Newk's Eatery was founded in 2004 as Newk's Express Café by father and son chefs, Don and Chris Newcomb, with the first store opening in Oxford, Mississippi. Before establishment of Newks, Don and Chris Newcomb had previously created and sold their restaurant chain McAlister's Deli to Focus Brand.

In 2013, the company rebranded itself as Newk's Eatery. In addition to the updated name, the company introduced a fresh design to its logo.

The business was bought by private equity firm Sentinel Capital Partners in 2014 for an undisclosed amount, identifying the chain's opportunity for growth as a driving factor in the decision to acquire the company. Sentinel, which specializes in buying and building companies, implemented a plan for rapid growth. Shortly after its acquisition by Sentinel, Newk's announced plans to grow to more than 300 units by 2018.

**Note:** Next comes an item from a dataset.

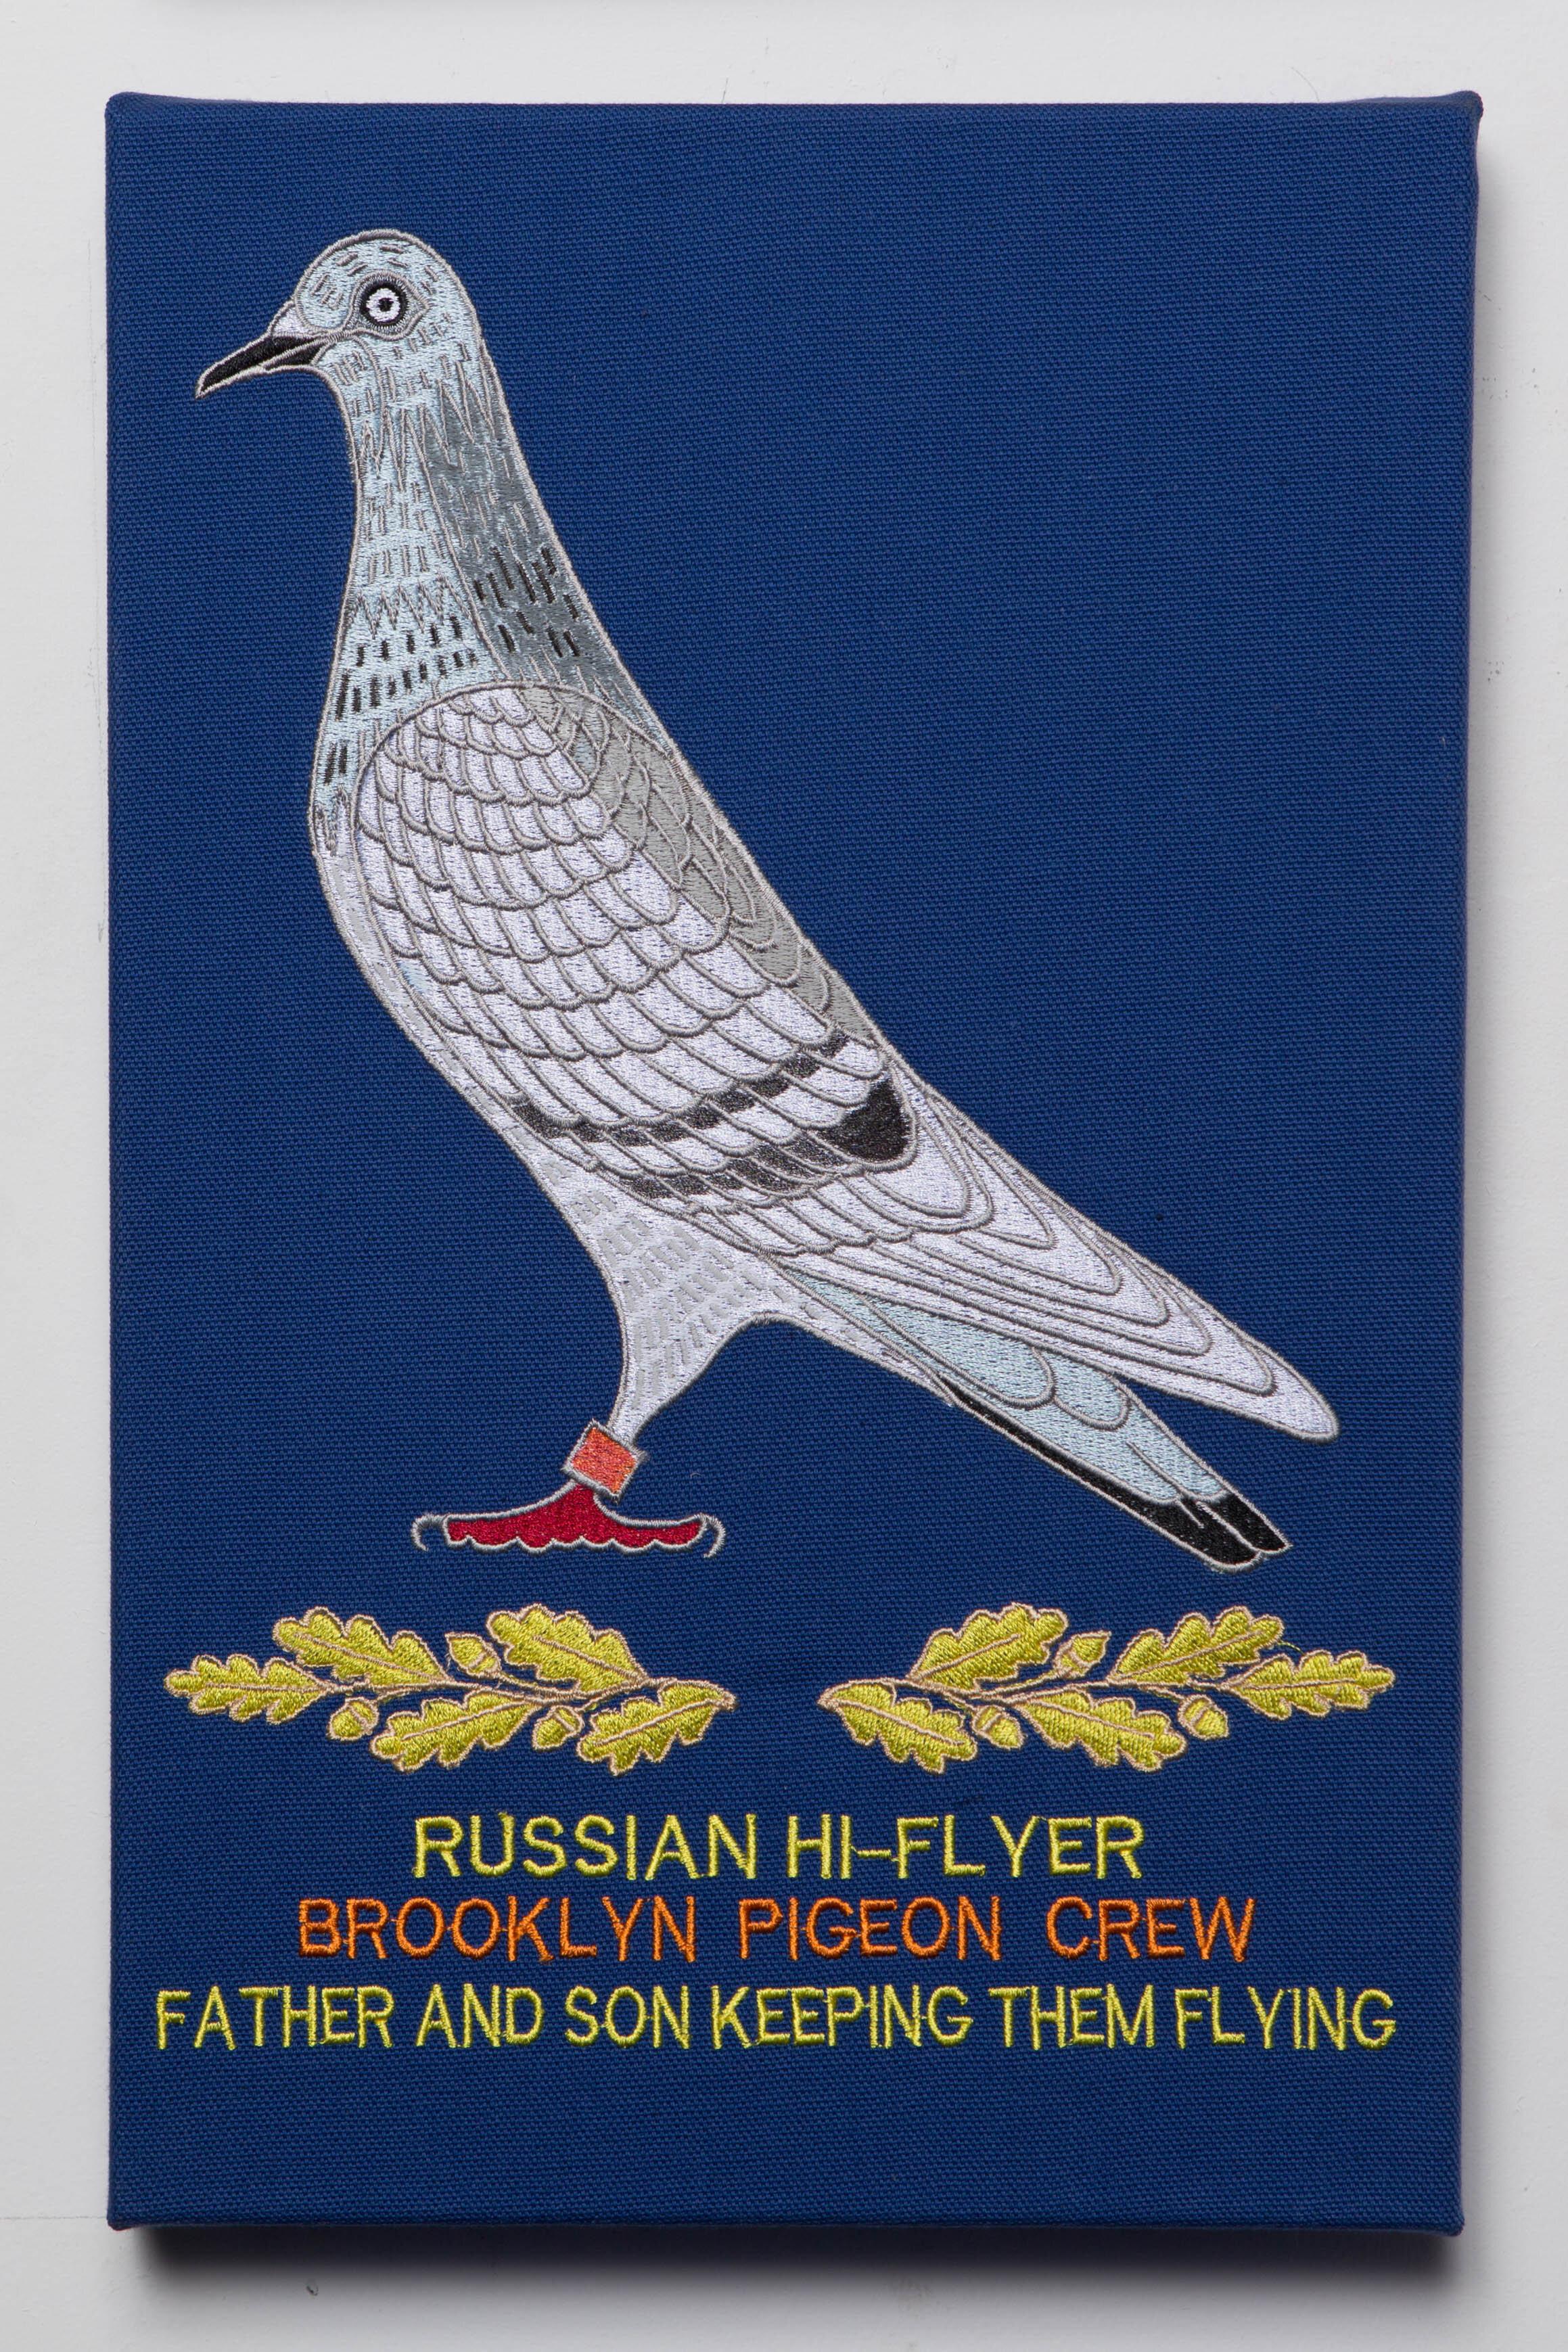 RUSSIAN_HI_FLYER_BROOKLYN_PIGEON_CREW.jpg

Today, over 100 Newk's locations operate in 13 U.S. states. The company is headquartered in Jackson, Mississippi. Newk's announced $141 million in revenue in 2014.

==Fare==
Newk's sells gourmet sandwiches, soups, salads, California-style pizzas, desserts, fruit, coffee, speciality drinks, alcohol, and a large variety of related items. The chain maintains a focus on products being made "from-scratch" as a marketing angle.

== Interior ==
The standard for the interior of the chain's establishments is to have an open kitchen and utilise large round tables. Complimentary condiments and snacks are also provided.